Cellular Dynamics International Stock Share Prices
In a landmark event with the iPSC market, CDI had an initial public offering (IPO) in July of 2013, in which it sold 38,460,000 shares of common stock to the public at $12.00 per share, to raise proceeds of approximately $43 million . This event secured the company’s position as the global leader in producing high-quality human iPSCs and differentiated cells in industrial quantities.
Cellular Dynamics California Fund Grant from CIRM
In March of 2013, Cellular Dynamics International and the Coriell Institute for Medical Research announced receiving multi-million dollars grants from the California Institute for Regenerative Medicine (CIRM) for the creation of iPSC lines from 3,000 healthy and diseased donors, a result that will create the world’s largest human iPSC bank.
Not surprisingly, Cellular Dynamics International further continued its innovation, announcing in February of 2015 that it would be manufacturing cGMP HLA “Superdonor” stem cell lines to support cellular therapy applications through genetic matching .
Blood Samples for the HLA Superdonor Research
CDI has two HLA superdonor cell lines that provide a partial HLA match to approximately 19% of the population within the U.S., and it aims to expand its master stem cell bank by collecting more donor cell lines that will cover 95% of the U.S. population . The HLA superdonor cell lines were manufactured using blood samples and used to produce pluripotent iPSC lines, giving the cells the capacity to differentiate into nearly any cell within the human body.
Use of iPSCs in Drug Development and Discovery
CDI also leads the iPSC market in terms of supporting drug development and discovery. For example, CDI’s “MyCell” products are created using custom iPSC reprogramming and differentiation methods, thereby providing biologically relevant human cells from patients with unique disease-associated genotypes and phenotypes .

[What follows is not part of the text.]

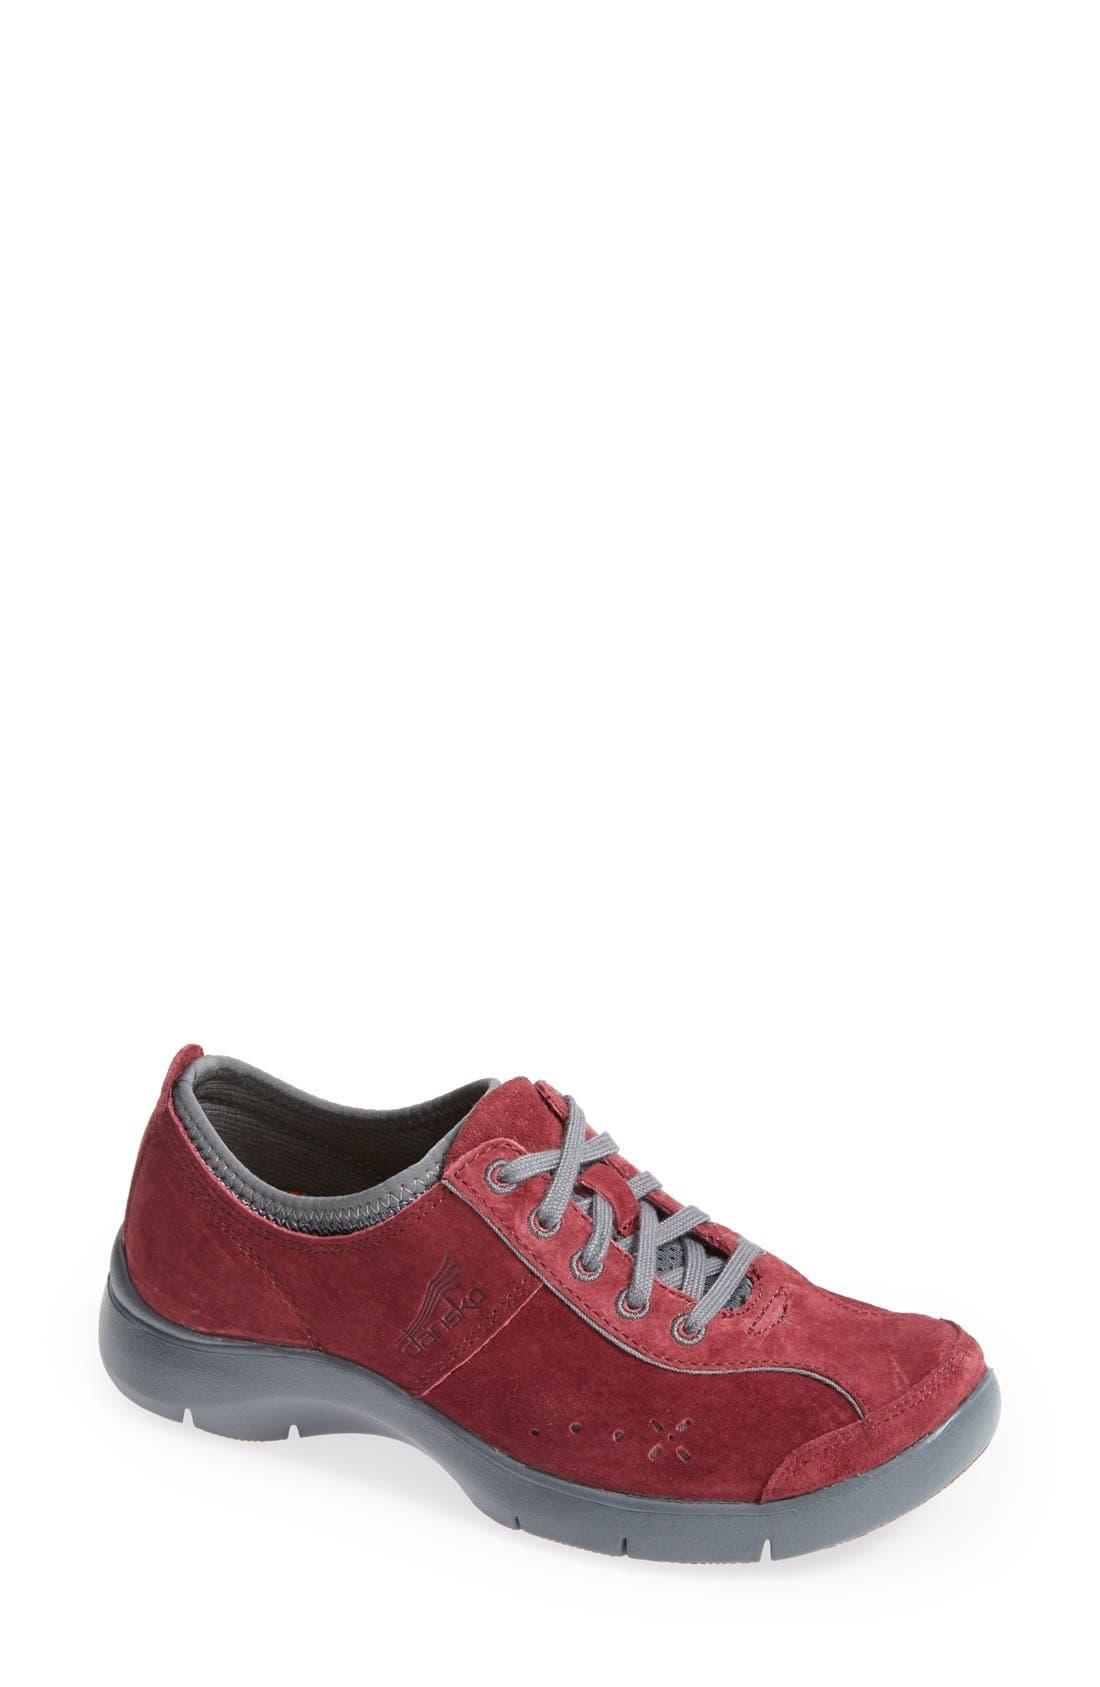 Alternate Image 1 Selected - Dansko 'Elise' Sneaker

The company’s iCell and MyCell cells can also be adapted to screening platforms and are matched to function with common readout technologies .

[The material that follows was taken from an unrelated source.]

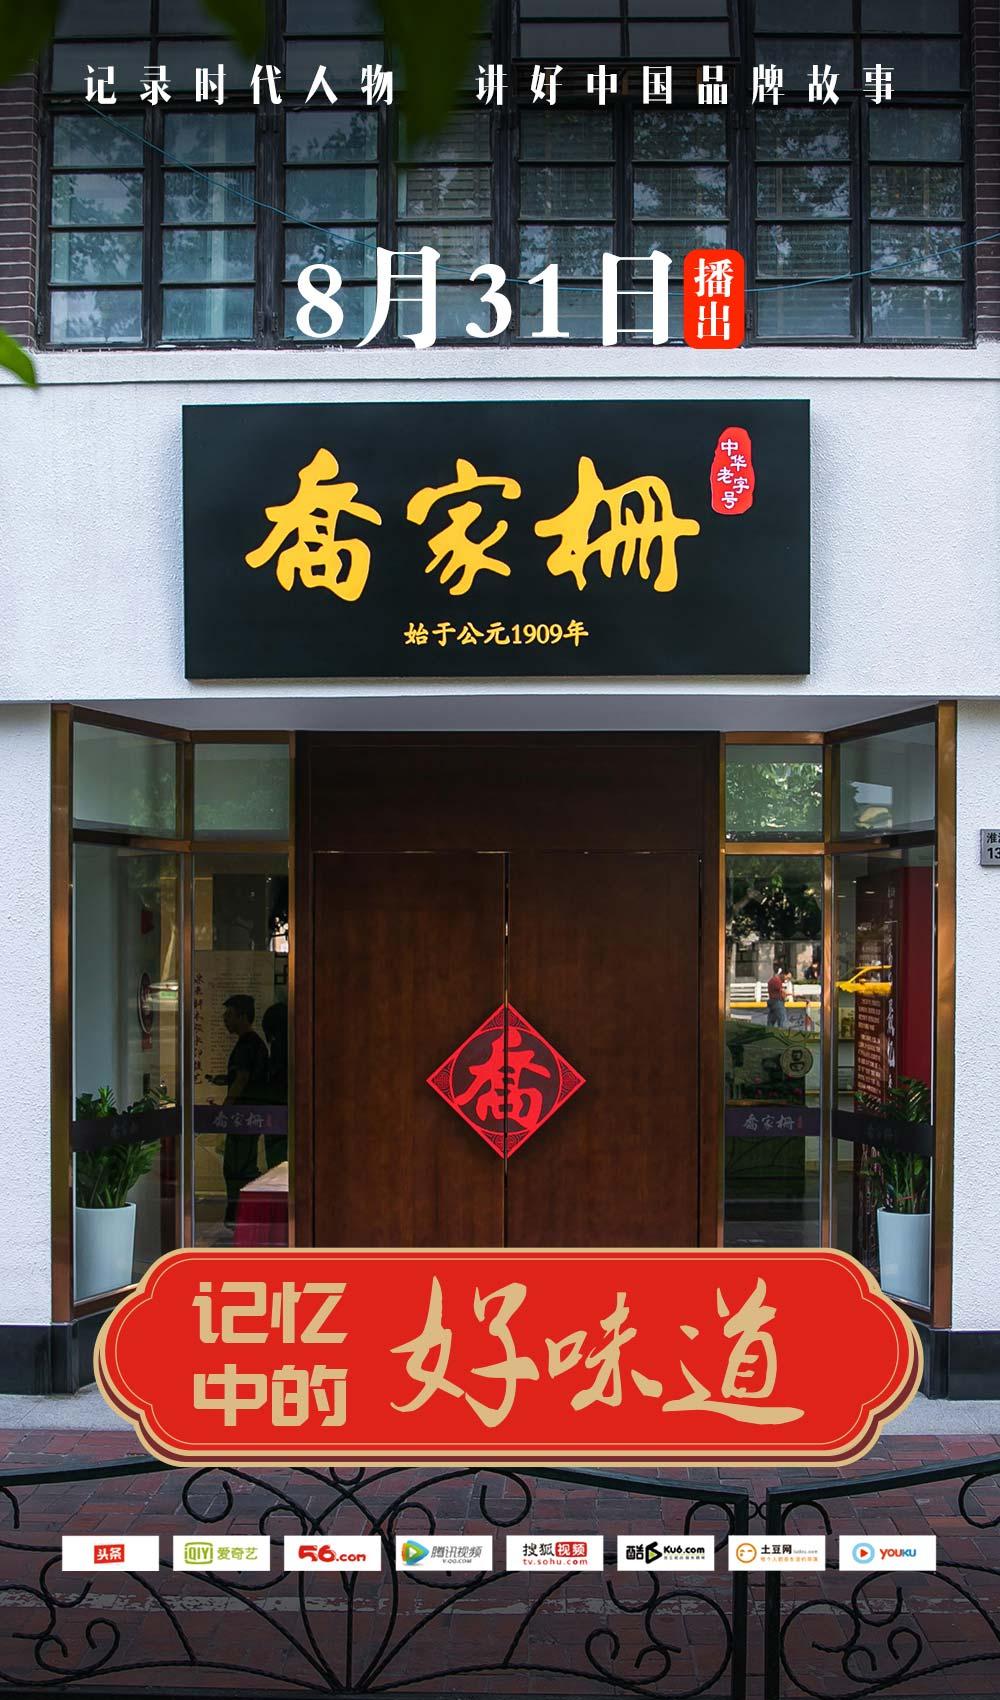 上海新徐汇商业(集团)有限公司.jpg

Leading Role in High-Throughput Screening and IND
CDI’s products are also used for high-throughput screening,  and have been used as supporting data for Investigational New Drug (IND) applications submitted to the Federal Drug Administration (FDA) . While there are other companies participating in this area – including ReproCELL, Cellectis, ArunA Biomedical, and others – competitors are limited and CDI currently leads the way.
CDI’s Acquisition by FUJIFILM Holdings Corporation
As mentioned above, on March 30, 2015, FUJIFILM Holdings Corporation announced that it was acquiring CDI through all-cash offer followed by a second step merger. Specifically, Fujifilm acquired all issued and outstanding shares of CDI’s common stock for $16.5 per share or approximately $307 million.
Following the change in ownership, CDI has continued to run its operations in Madison, Wisconsin, and Novato, California as a consolidated subsidiary of Fujifilm .
Fujifilm in the Field of Regenerative Medicine
Fujifilm has been strengthening its presence in the regenerative medicine field over several years, including by acquiring a majority of shares of Japan Tissue Engineering Co. in December 2014.
The acquisition of CDI has allowed Fujifilm to gain further dominance in the area of iPS cell-based drug discovery services and has positioned it to combine CDI’s iPS cell technology with Fujifilm’s expertise in material science and engineering systems.
Where Will CDI Focus iPSC Cell Production Technology?
It is yet to be seen whether Fujifilm will try to commercialize CDI’s iPS cell production technologies by making the cells available for clinical use or whether they will choose to focus their attention on iPS cell-based drug discovery.